Sunday, March 20

Schema On Read

According to a study 90% of today's data warehouses process just 20% of the enterprise data. One of the primary reason for such a low percentage of data being processed is because the traditional data warehouses are schema on write which requires schema, partitions and indexes to be pre-built before the data can be read.

For a long time now the data world has adapted the schema-on-write approach where systems require users to create a schema before loading any data into the system. The flow is to define the schema, then write the data, then read the data in the schema that you defined at the start.  This allows such systems to tightly control the placement of the data during load time hence enabling them to answer interactive queries very fast. However, this leads to loss of agility.

But there is an alternative to this approach and that approach is schema-on-read. Hadoop's schema-on-read capability, allows data to start flowing into the system in its original form, then the schema is parsed at read time where each user can apply their own view to interpret the data.

In the "Schema on read" world the flow is to load the data in its current form and apply your own lens to the data when you read it back out. The reason to do it this way is because nowadays data is shared with large and varied set of users with each category of user having a unique way to look at the data and derive a insight that is specific to them. With schema-on-read approach the data is not restricted to a one-size-fits-all format. This approach allows one to present the data back in a schema that is most relevant to the task at hand and allows for extreme agility while dealing with complex evolving data structures..
The schema-on-read approach allows one to load the data as is and start to get value from it right away. This is equally true for structured,  semi-structured and unstructured data. It is easier to create multiple and different views of the same data with schema on read.
The popularity of Hadoop and related technologies in today's enterprise technology can be in parts credited to their ability to support the schema-on-read strategy. Organisations have large amounts of raw data that powers all sorts of business processes by applying transformation  systems involving corporate data warehouses and other large data assets.

Saturday, November 28

Stream Processing Using Apache Apex


            The open source streaming projects landscape is getting crowded with the Apache Software Foundation listing no less than 4 distinct streaming projects Apache Storm, Apache Apex, Apache Spark Streaming and Apache Flink.                            
                                     
                     There is a certain spotlight on Applications that do real-time processing of high-volume steaming data. The primary driver for this push is the need to provide analytics and actionable insights to businesses at a blazing fast speed. The use case could be a Real Time Bidding of ads or credit card fraud detection or in store customer experience. All such applications are pushing the limits of traditional data processing infrastructures.
                      
                       In this context a couple of day’s back I attended a MeetUp event of DataTorrent’s open source stream and batch processing platform “Apache Apex”. One of the sessions talked about the implementation of Apache Apex for Real Time Insights for Advertising Tech helped explain its capabilities and the kind of problems it is equipped to solve. 

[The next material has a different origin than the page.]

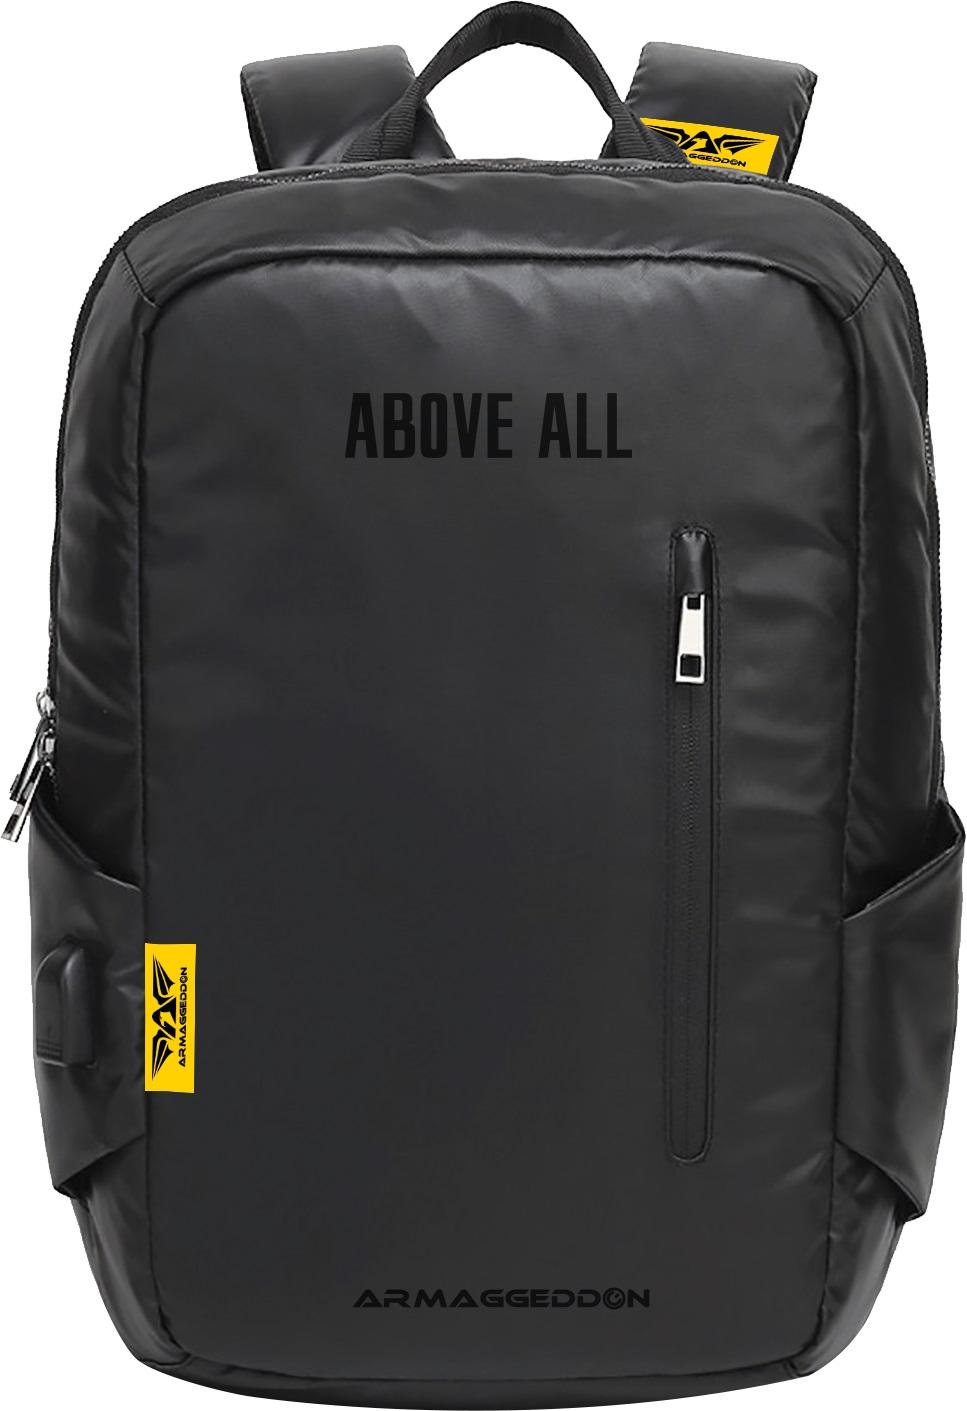 Armaggeddon SHIELD 5 Anti-Theft Gaming Bag Black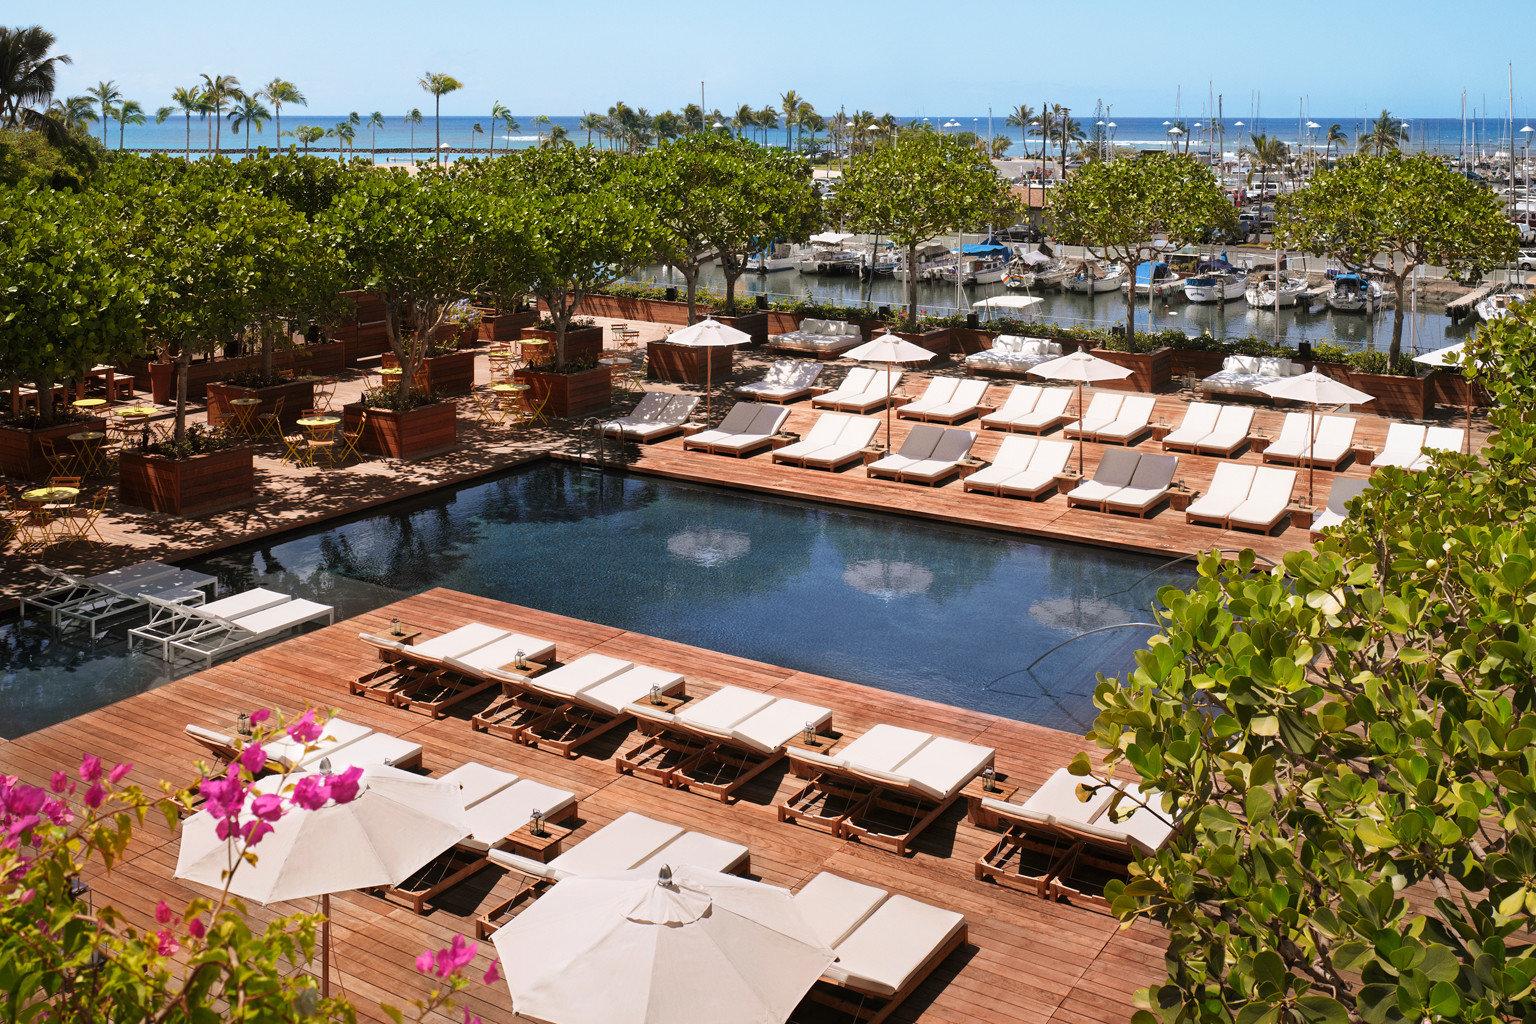 Bar Boutique Hotels Deck Hawaii Honolulu Hotels Island Lounge Modern Pool Scenic views outdoor sky tree leisure property swimming pool Resort estate Villa backyard colorful several

Directed Acyclic Graph (DAG)

                      The Apex applications are different from the typical Map Reduce application. An Apache Apex application is a directed acyclic graph (DAG) of multiple operators. A Map Reduce application with multiple iterations is inefficient as the data between each map-reduce pair gets written and read from file system. Compare this to a DAG based application where it avoids the writing of data back and forth after every reduce thus adding much needed efficiency in the application. 

Code Reuse & Operability                       

                   Apex also scores with code reuse as an Apex application enables the same business logic to be used for stream as well as batch.  Apex as a platform is built for operability, such that things like scalability, performance, security, fault tolerance, high availability are taken care by Apex as a platform. Apex achieves fault tolerance by ensuring that the master is backed up, and the application state is retained in HDFS, a persistent store.

Pre-built Operators

                      Apex is bundled with a library of operators named Malhar.  It is a library of pre-built operators for data sources and destinations of popular message buses, file systems, and databases like Kafka, Flume, Oracle, Cassandra, MongoDB, HDFS and others. This library of pre-built operators reduces the time-to-market significantly, and the costs incurred in developing a streaming analytics application.

Summary

              All in all Apache Apex seems promising especially since it is a unified framework for batch & stream processing and the fact that some of the leading organizations have implement their streaming applications using Apex signals positive things are in the offing for this open source framework.